His surly expression cracked. “Fine, January. But it’s not going to be a montage. Choose one death trap. If I survive that, you can sleep well tonight knowing you brought me one step closer to believing in happy endings.”

“Oh my God,” I said. “If you wrote this scene, would we die?”

“If I wrote this scene, it wouldn’t be about us.”

“Wow. One, I’m offended. Two, who would it be about?”

He scanned the crowd and I followed his gaze. “Her,” he said finally.


He stepped in close behind me, his head hovering over my right shoulder. “There. At the bottom of the Ferris wheel.”

“The girl in the Screw Me, I’m Irish shirt?” I said.

His laugh was warm and rough in my ear. Standing this close to him was bringing back flashes of the night at the frat house I’d rather not revisit.

“The woman working the machine,” he said in my ear. “Maybe she’d make a mistake and watch someone get hurt because of it. This job was probably her last chance, the only place that would hire her after she made an even bigger mistake. In a factory maybe. Or she broke the law to protect someone she cared about. Some kind of almost-innocent mistake that could lead to less innocent ones.”

I spun to face him. “Or maybe she’d get a chance to be a hero. This job was her last chance, but she loves it and she’s good at it. She gets to travel, and even if she mostly only sees parking lots, she gets to meet people. And she’s a people person. The mistake isn’t hers—the machinery malfunctions, but she makes a snap decision and saves a girl’s life. That girl grows up to be a congresswoman, or a heart surgeon. The two of them cross paths again down the road. The Ferris wheel operator’s too old to travel with the carnival anymore. She’s been living alone, feeling like she wasted her life. Then one day, she’s alone. She has a heart attack. She almost dies but she manages to call nine-one-one. The ambulance rushes her in, and who is her doctor but that same little girl.

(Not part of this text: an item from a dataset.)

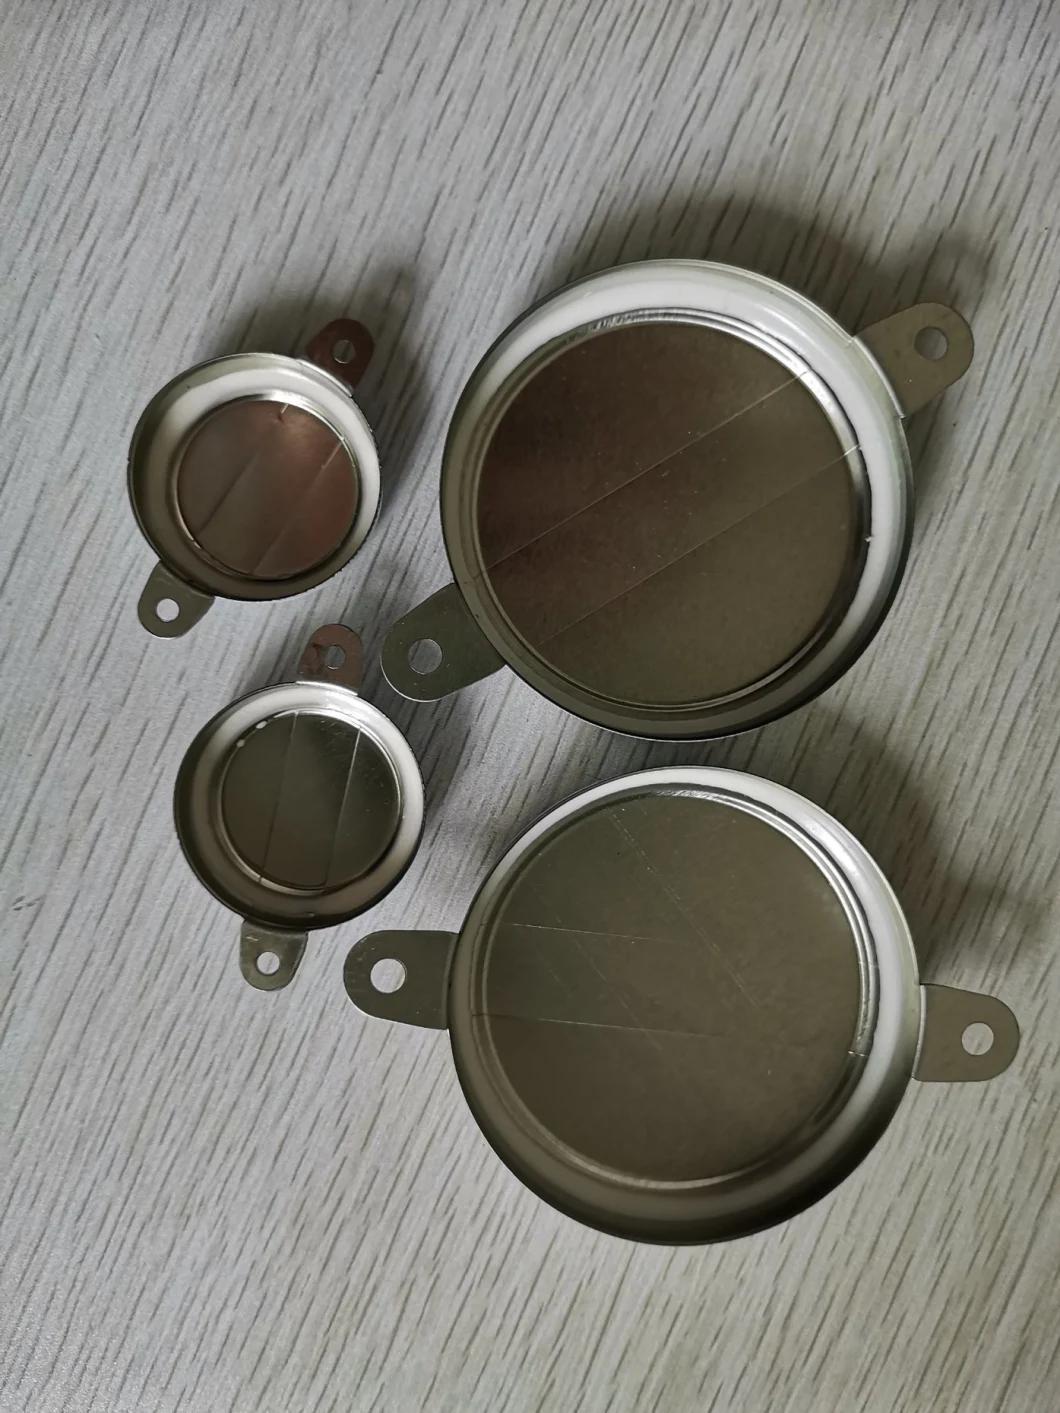 2′ ′ and 3/4′ ′ Metal Drum Closures (flanges+plugs) for Oil Drums

“Of course, Ferris doesn’t recognize her—she’s all grown up. But the doctor never could’ve forgotten Ferris’s face. The two women strike up a friendship. Ferris still doesn’t get to travel, but twice a month the doctor comes over to Ferris’s double-wide and they watch movies. Movies set in different countries. They watch Casablanca and eat Moroccan takeout. They watch The King and I and eat Siamese food, whatever that may be. They even watch—gasp!—Bridget Jones’s Diary while bingeing on fish and chips. They make it through twenty countries before Ferris passes away, and when she does, Doctor realizes her life was a gift she almost didn’t get. She takes some of Ferris’s ashes—her ungrateful asshole son didn’t come to collect them—and sets out on a trip around the world. She’s grateful to be alive. The end.”

Gus stared at me, only one corner of his very crooked mouth at all engaged. I was fairly sure he was smiling, although the deep grooves between his eyebrows seemed to disagree. “Then write it,” he said finally.

“Maybe so,” I said.

He glanced back at the gray-haired woman working the machinery. “That one,” he said. “I’m willing to ride that one. But only because I trust Ferris so damn much.”